© 2015 Fat Wreck Chords
There’s a warm feeling that overcomes some people when certain sounds, something familiar and inviting plays. I’m getting those kind of feelings now as I listen to the new Leftover Crack album, Constructs of the State. It’s been the better part of a decade since the controversial and exceptional Fuck World Trade was released. Just in time for the holiday season, for your gatherings with kith and kin are the crack rocksteady sounds both old and new to warm your cold dead hearts.
The new release stays true to form with 13 scathing salvos against a broken system, what’s new is more sonic diversity. Track five, Slave to the Throne is a brutally metallic track with speed metal thrash riffs more akin to Slayer or Obituary than more common ska-punk outfits. There’s also a wider range of instrumentation in play with folkish sounds of banjo and possibly a washboard on track six, Bedbugs and Beyond.
Many of the tracks feature film or tv soundtrack backdrops to frame the context of the lyrics. “Of course I’m dangerous, I’m police. I can do terrible things to people..with impunity.” from True Detective sets the tone of the track Corrupt Vision.
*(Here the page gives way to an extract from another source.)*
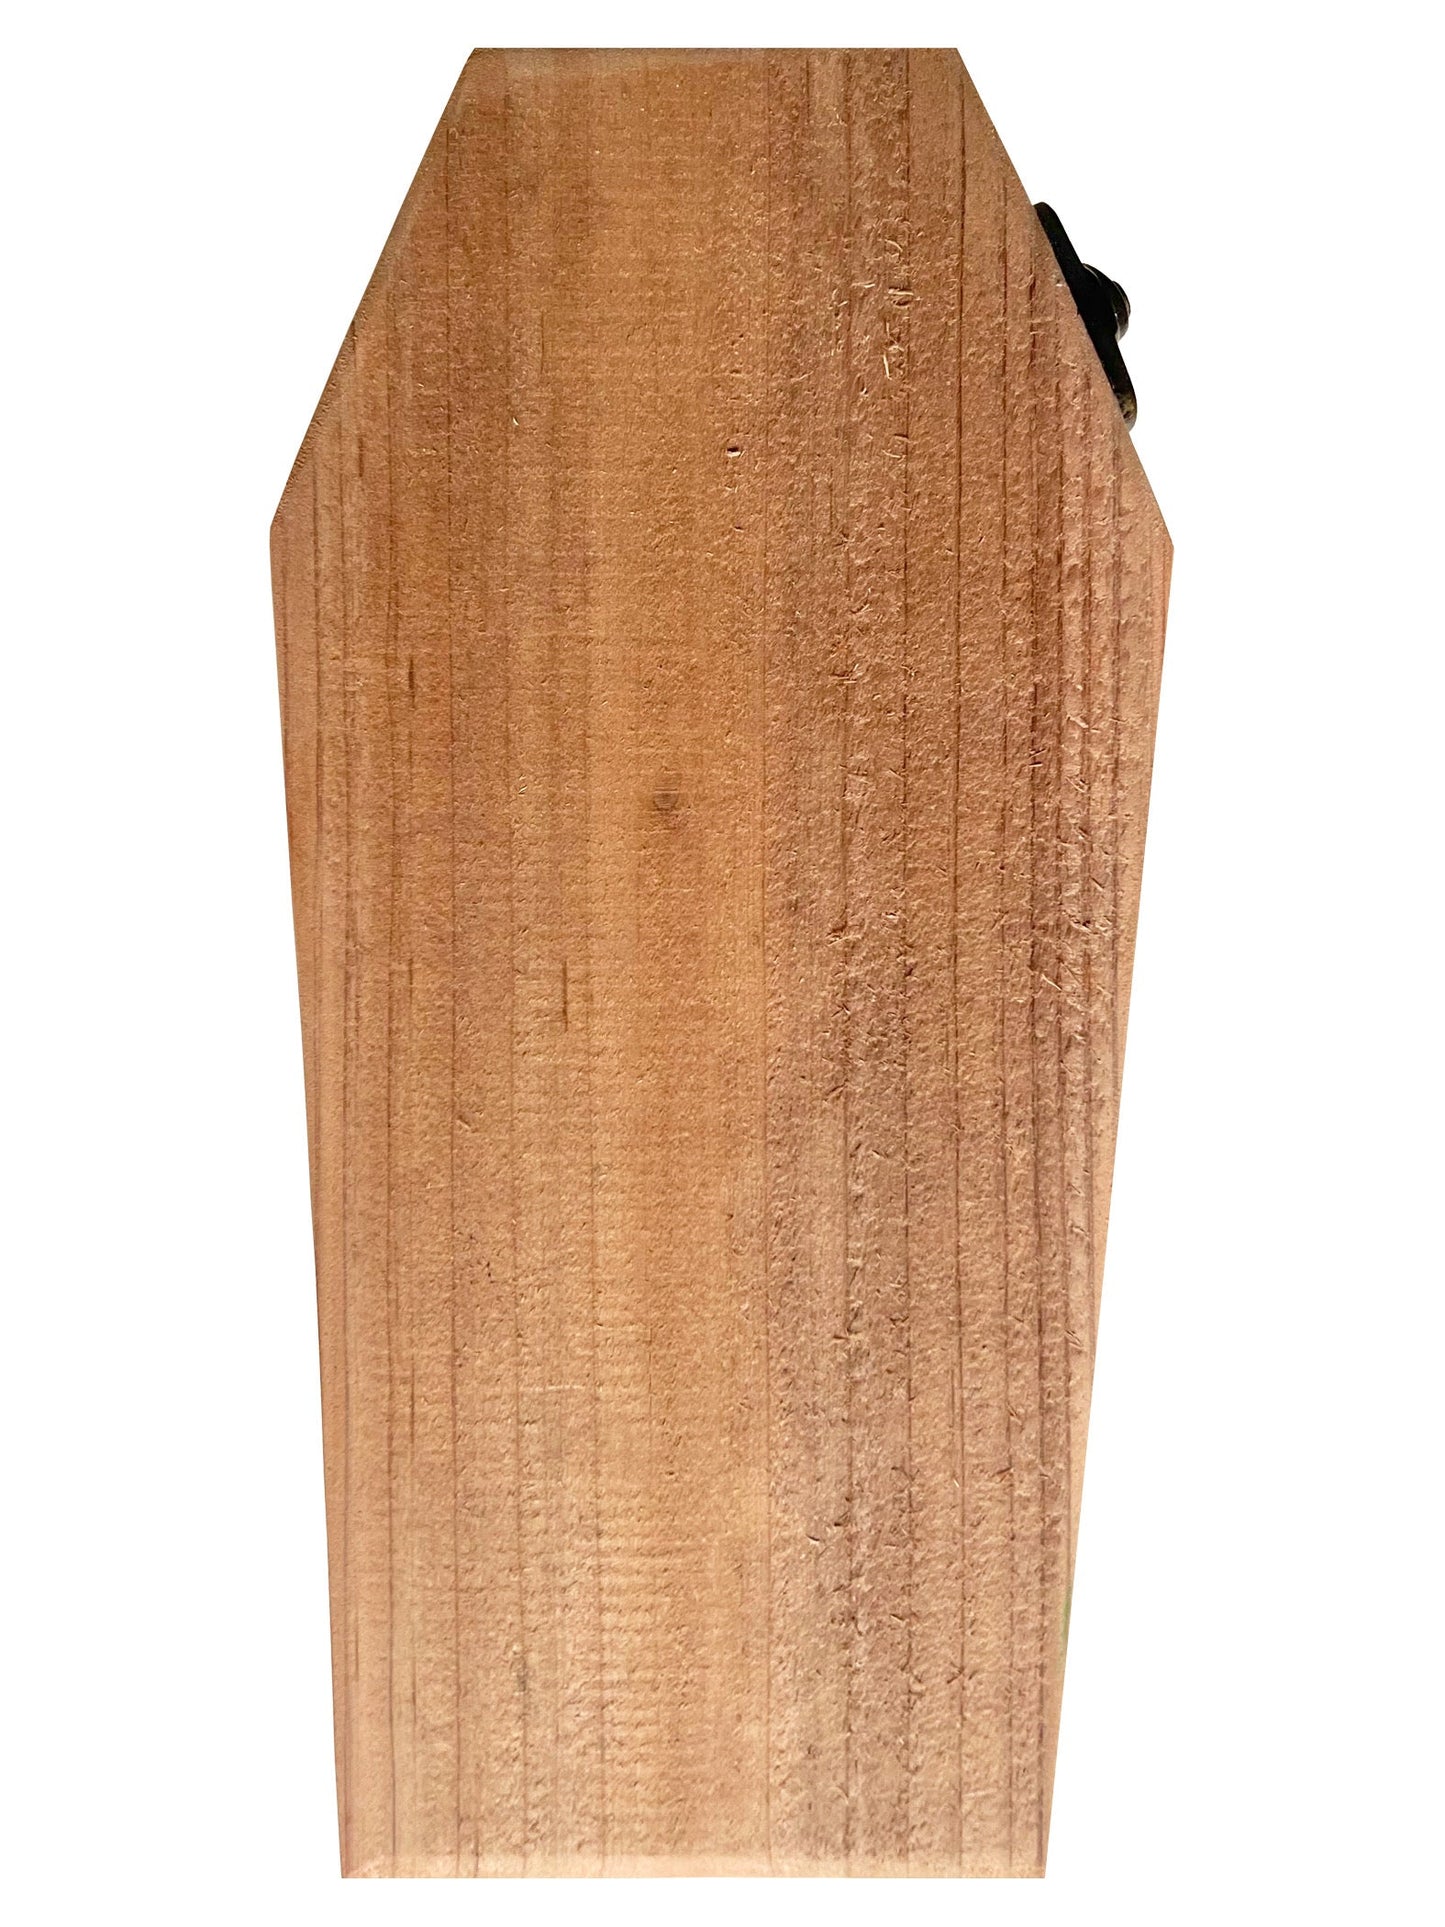 SPIDER VENOM Hot Sauce in a Handmade Cedar Coffin

In addition to the tonal variety of the individual tracks, there’s plenty of guest vocals including track four, System Fucked featuring Jesse Michaels of Op Ivy.
The album continues in a consistent manner, lashing out at broken systems of finance, patriarchy, healthcare and prison systems. The sounds of the songs may change from track to track but the tone is the same. There’s something very broken. I don’t know if an album can provide solutions to the complex problems that we face as a society, but if it can make people think it’s a start.
The album does get to a point where I believe that it’s almost too overproduced. It’s a fine example of production, but the it serves to burnish the raw edge that I’m missing. Between that and what I think is an imbalance of more ska heavy content I’ve had to knock the score down a bit. All aside it’s a fantastic album, fit for a time when things are in constant threat of being ripped apart at the seams.
Final note: I’ve been going over this release for about a week now. Initially I didn’t feel quite so strongly about it as I’ve become over successive listens. The more times I hear it, the more the music sinks in and the impact of the band’s rage takes hold. We’re living during some incredible times, but we’re also living through some incredibly fucked up times. If you ask me, it’s times like these that music is the best weapon against a war to which we’ve all been blindly conscripted.